- Native name: 高野智史
- Born: October 27, 1993 (age 32)
- Hometown: Fujimi, Saitama

Career
- Achieved professional status: October 1, 2015 (aged 21)
- Badge number: 302
- Rank: 6-dan
- Teacher: Kazuki Kimura (9-dan)
- Tournaments won: 1
- Meijin class: C1
- Ryūō class: 3

Websites
- JSA profile page

= Satoshi Takano =

Japanese shogi player

Satoshi Takano (高野 智史, Takano Satoshi) is a Japanese professional shogi player ranked 6-dan.

==Early life and apprenticeship==
Takano was born in Fujimi, Saitama on October 27, 1993. He learned how to play shogi from his father when he was five years old.

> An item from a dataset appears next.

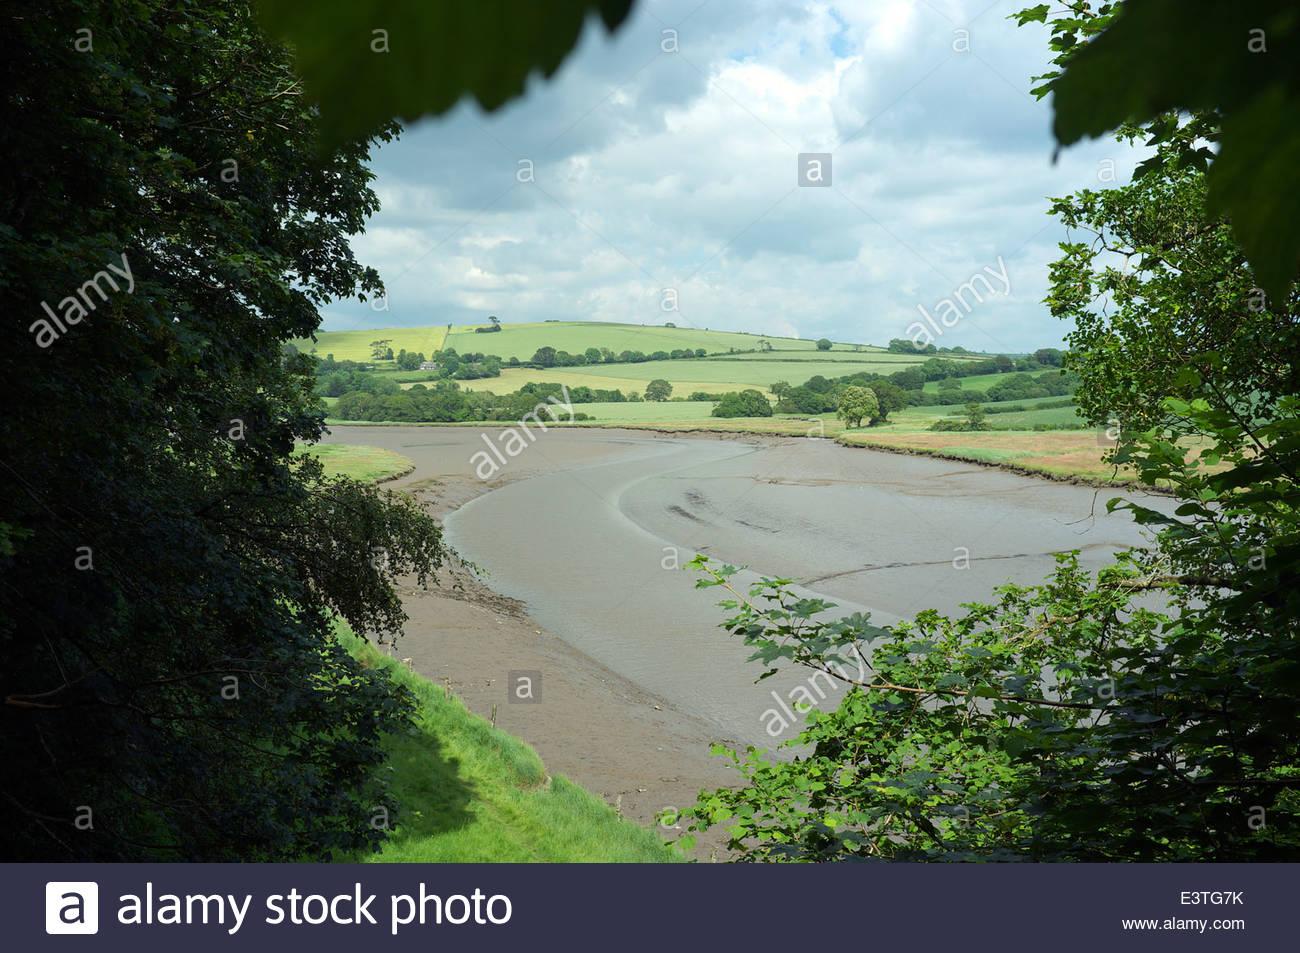 Die tidal River Tiddy am St.Germans in Cornwall, Großbritannien. Stockbild

At first, Takano only played shogi for fun, but over time became more and more serious about the game, including recording games between professionals as part of the NHK Cup TV Shogi Tournament for later study. He eventually grew bored playing against his elementary school classmates, and started attending a shogi school run by the local shogi association at a nearby community center where there were many strong players who were his age. When he was a fifth-grade elementary school student, he started attending a children's shogi school in Saitama City, where he met his future mentor shogi professional Kimura Kazuki for the first time, and was accepted into the Japan Shogi Association's apprentice school at the rank of 6-kyū as a student of Kimura when he was a junior high school eight-grade student in 2007.

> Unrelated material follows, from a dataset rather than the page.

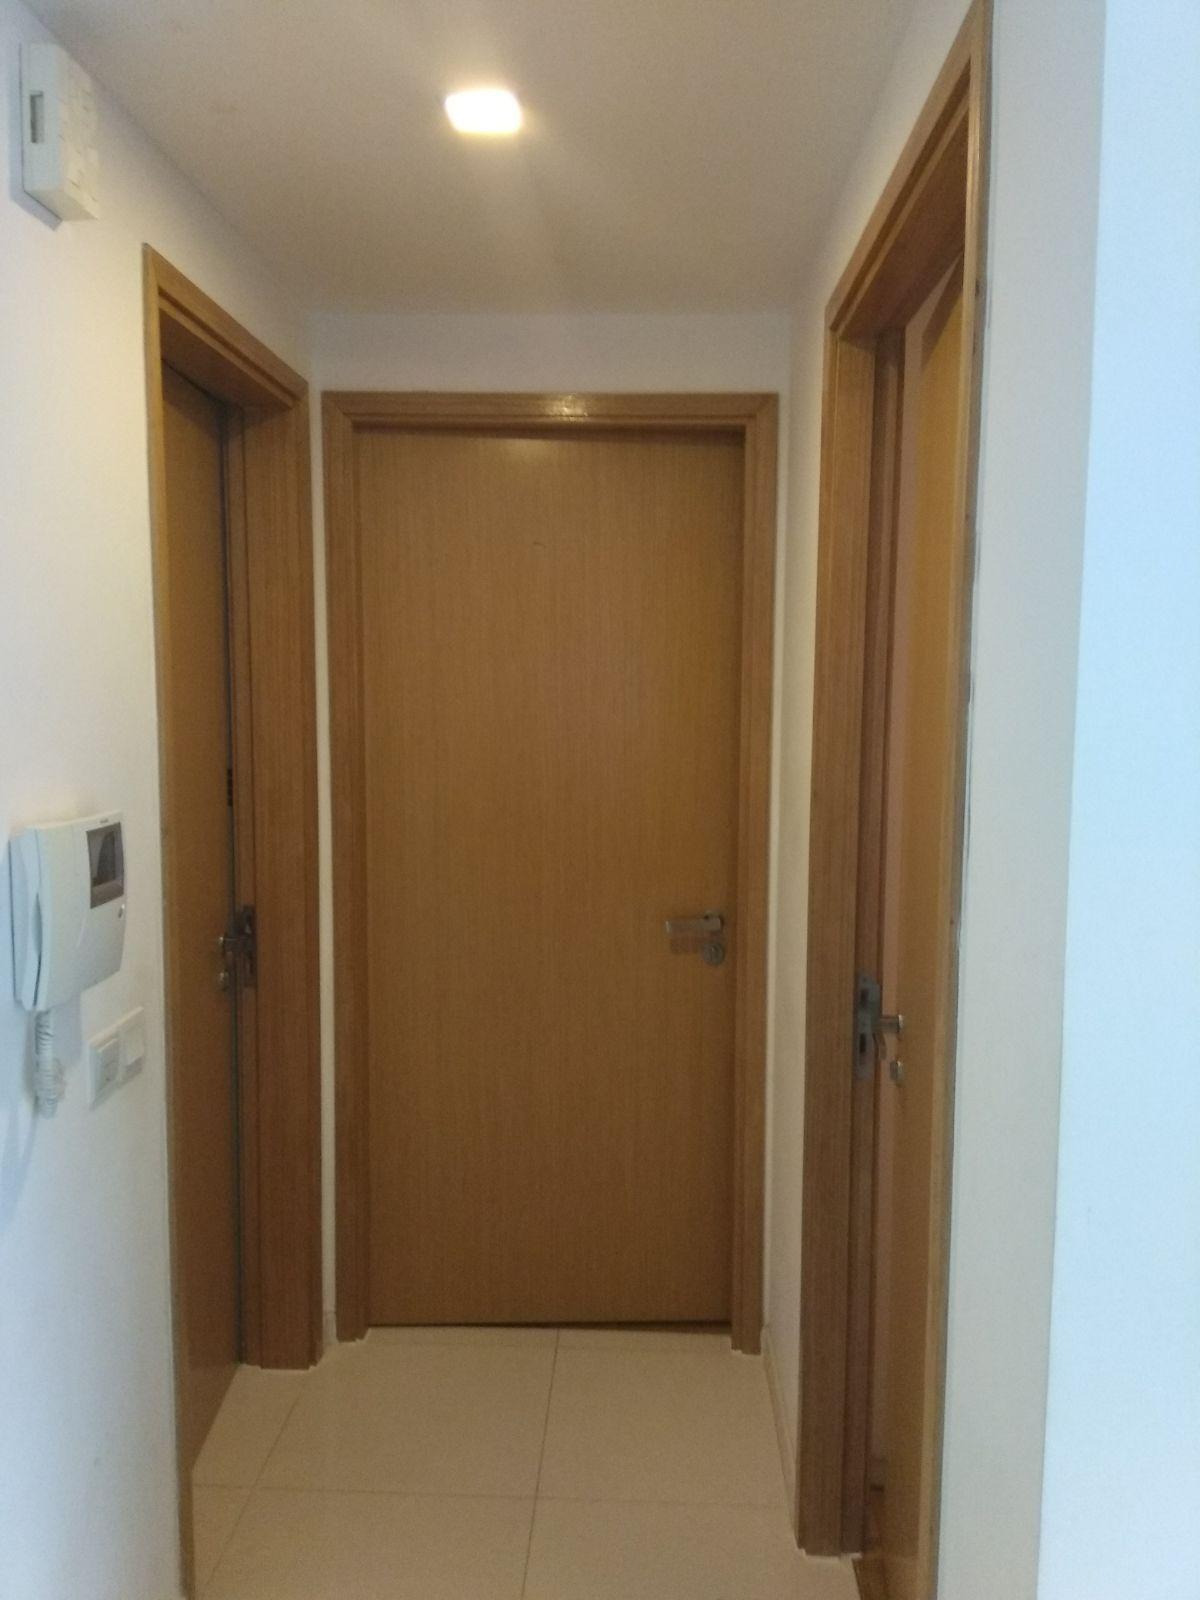 Wooden Door Frame Repair And Installation Instant Quote

Takano was promoted to the rank of 3-dan in 2013, and finally obtained professional status and the rank of 4-dan on October 1, 2015, after finishing tied for first with Seiya Kondō in the 57th 3-dan League (April 2015 – September 2015) with a record of 13 wins and 5 losses.

==Shogi professional==
On October 28, 2019, Takano defeated Yasuhiro Masuda in Game 3 of the 50th Shinjin-Ō championship match to win the match 2 games to 1. Masuda had won the tournament the previous two years and was leading the match 1 game to none before Takano came back to win his first tournament as a professional.

===Promotion history===
The promotion history for Takano is as follows.
- 6-kyū: April 14, 2007
- 3-dan: October 2013
- 4-dan: October 1, 2015
- 5-dan: December 2, 2019
- 6-dan: October 1, 2021

===Titles and other championships===
Takano has yet to appear in a major title match, but he has won one non-major title shogi tournament.

==Personal life==
After graduating from senior high school, Takano decided to continue his studies at Chuo University even though he was also an apprentice shogi professional. He was a little anxious about trying to do both things at first, but felt being a university student helped him to broaden his knowledge and learn more about society. He took a break from his studies during his final season of 3-dan league play, but resumed them after becoming a shogi professional. Takano is the fourth shogi professional to attend the university and the third to graduate.